From: Kostas Savvidis (kotika98_at_[hidden])
Date: 2025-06-01 19:52:54


> On 30 May 2025, at 19:54, Joaquin M López Muñoz via Boost <boost_at_[hidden]> wrote:
>
> El 30/05/2025 a las 18:27, Peter Dimov via Boost escribió:
>> Kostas Savvidis wrote:
>>>> On 29 May 2025, at 20:37, Joaquin M López Muñoz via Boost
>>> <boost_at_[hidden]> wrote:
>>>> given two sequences of hash values hi and gi, we're not interested in
>>>> internal correlation of either hi or gi, but cross correlation between
>>>> the two sequences.
>>> I am actually not sure which is more important for a Bloom filter,
>>> autocorrelation or cross-correlation.
>>>
>>> What is known is that the cross-correlation between two sequences in any
>>> MCG or LCG ( x' = a * x mod k) is even worse than the autocorrelation.
>>> It goes like this: if in the first bucket h1 = 2*g1, then hi=2*gi for all i or
>>> buckets. This is independent of a and k. Same if you replace the "2" with "3"
>>> etc.
>>> Effectively there is 100% correletion between buckets. One cannot fix that
>>> even with a better multiplier.
>> It's not clear to me why this would be a problem, but if it is, it can be fixed
>> by using an LCG (a*x+b) instead of an MCG (a*x).
>
>
> Umm, I like the LCG idea as an additional sum is basically free. Kostas, would a
> smart choice of b improve the statistical properties of thhe procedure? Note that
> we can afford determining b as a function of a (here a=m where m is the capacity
> of the array).

The b parameter does not fundamentally do anything for an MCG/LCG, quality remains the same,
it just makes reasoning about this issue more difficult.
 std::random and boost do not have any additive constants in any RNG for this reason, no improvement whatsoever.
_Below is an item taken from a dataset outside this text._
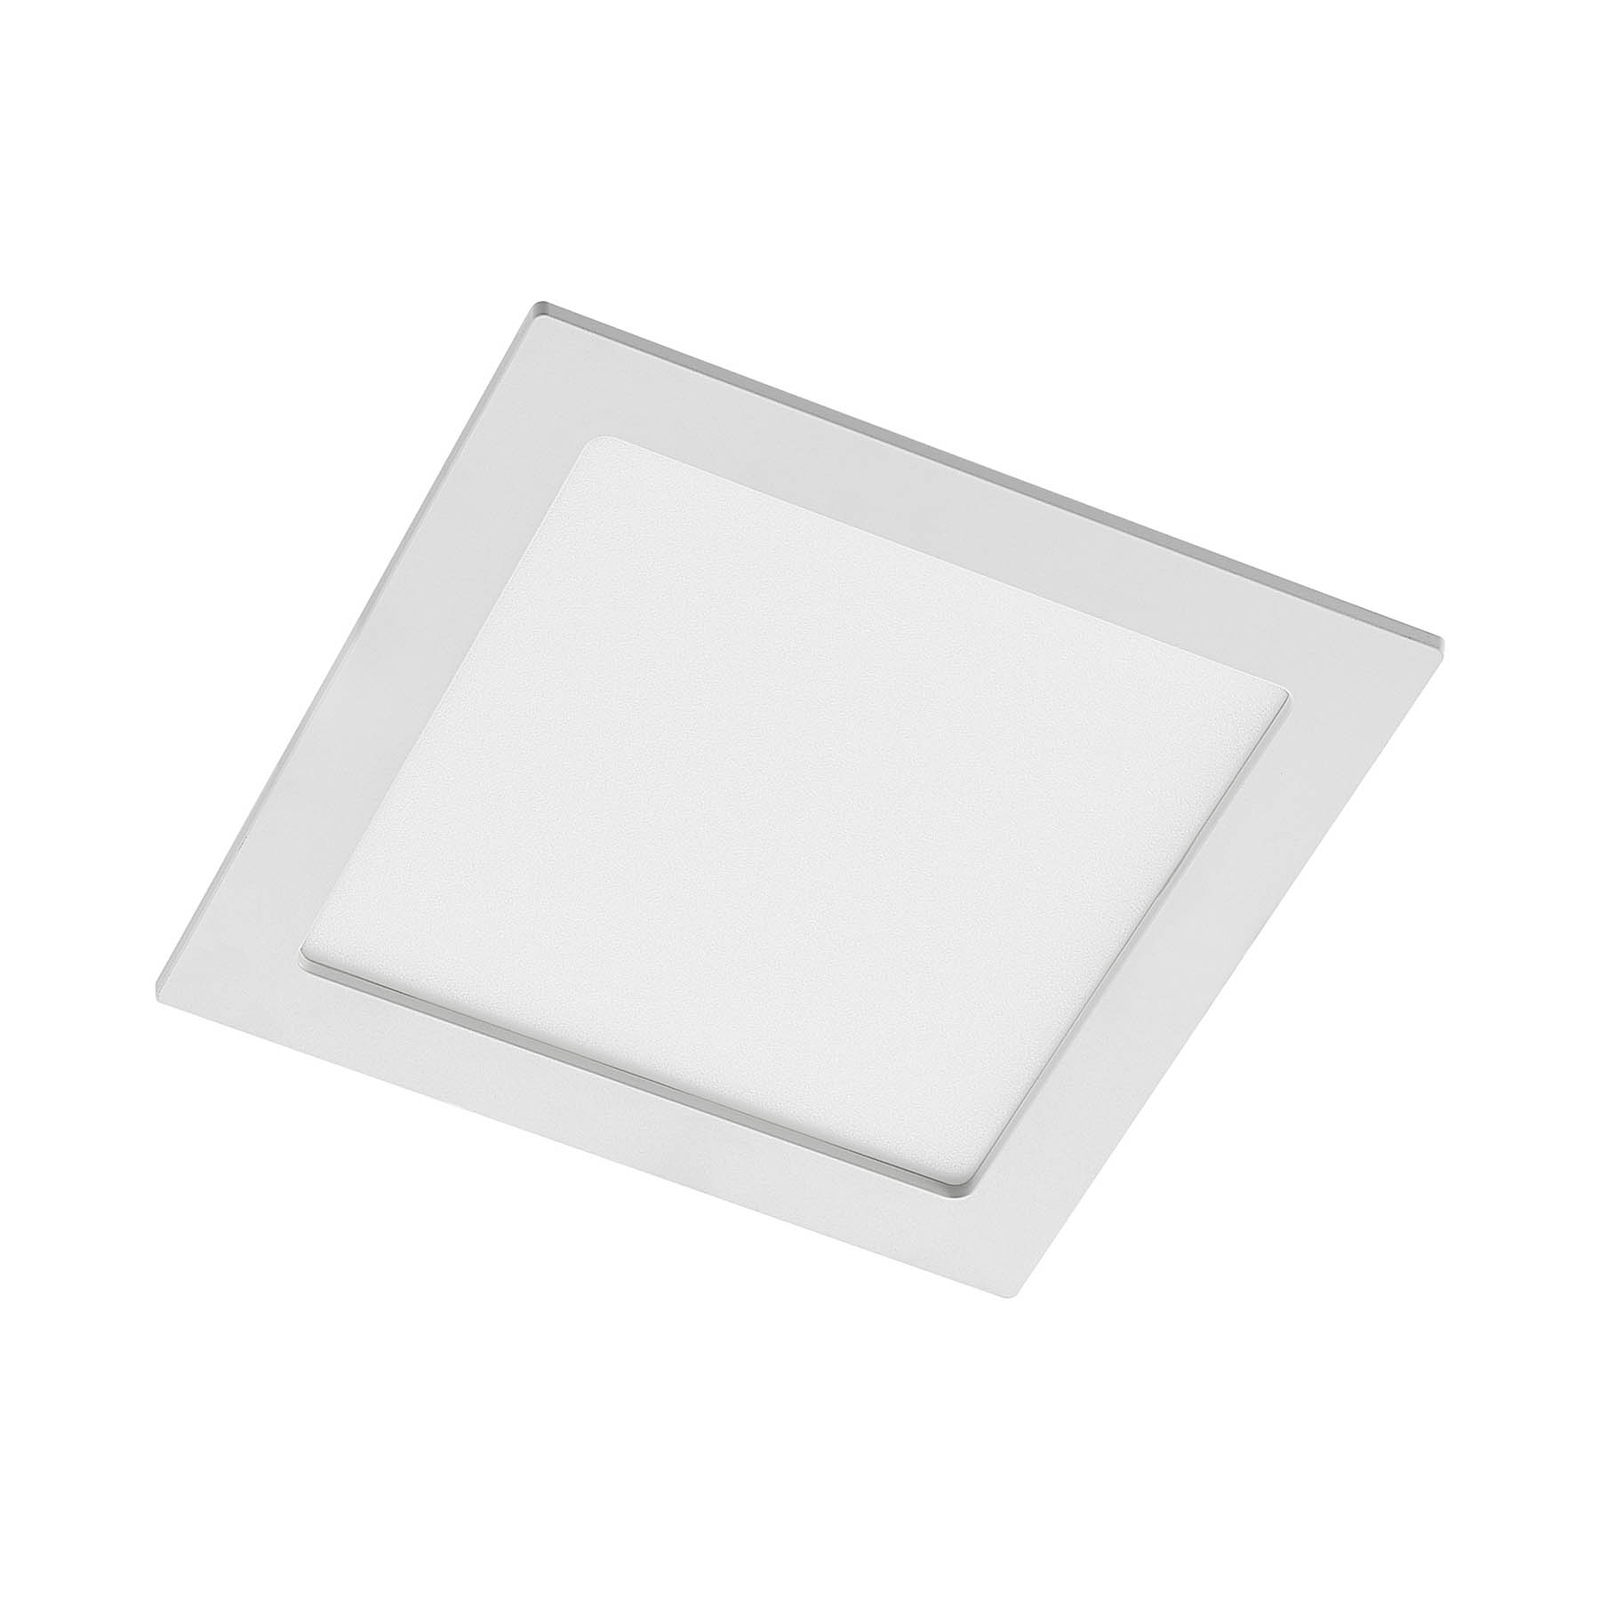 Prios LED-Einbaulampe Helina, weiß, 22 cm, 18 W, dimmbar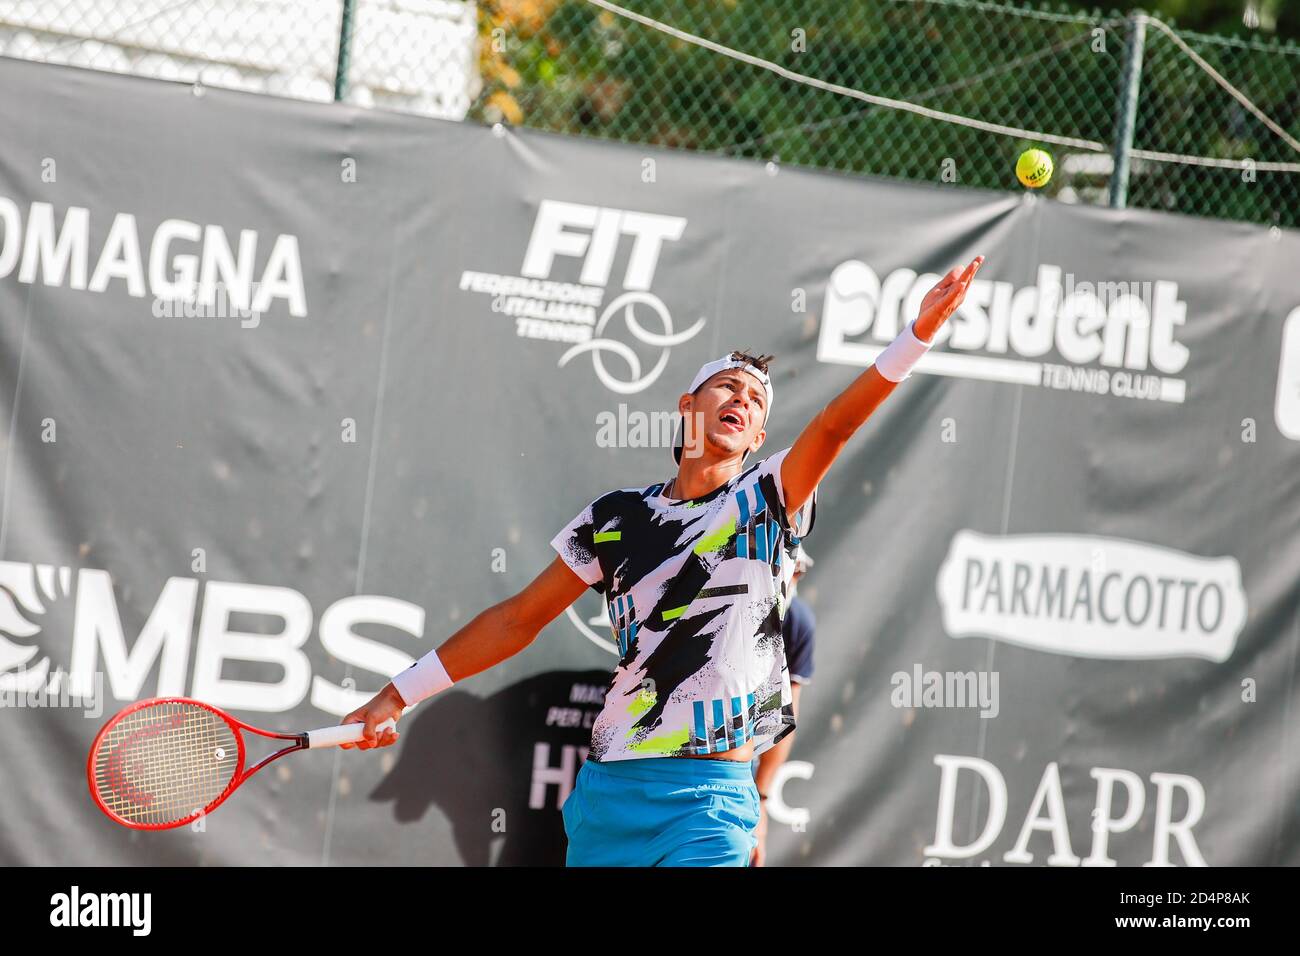 Lexei Popyrin durante l'ATP Challenger 125 - internazionali Emilia Romagna, Tennis internazionali, parma, Italia, 09 Oct 2020 Credit: LM/Roberta Corradin Foto Stock

And why do we need good randomness at all?
The high correlation between the buckets may mean that if two items collide in the first bucket, then they will collide in all subsequent buckets.
Or the opposite, equally bad (!), that if they dont collide in the first bucket, then they wont collide at all.
In this library we have not seen this leading to outright failure (yet),
probably because in the typical use case only SOME (high) bits of the hash are used to get position in the bucket.
So its complicated:
someone could and should do detailed theoretical analysis of "Bloom with MCG instead of hashing", but...

... let's get back to earth. Definitely, if you want to use an MCG, you do need a decent multiplier and a~=m does not assure that.
You can afford a good multiplier at the cost of one extra machine cycle.
Modern CPU makes both addition and multiplication in one cycle and it is anyway masked by memory latency.

Regards,
Kostas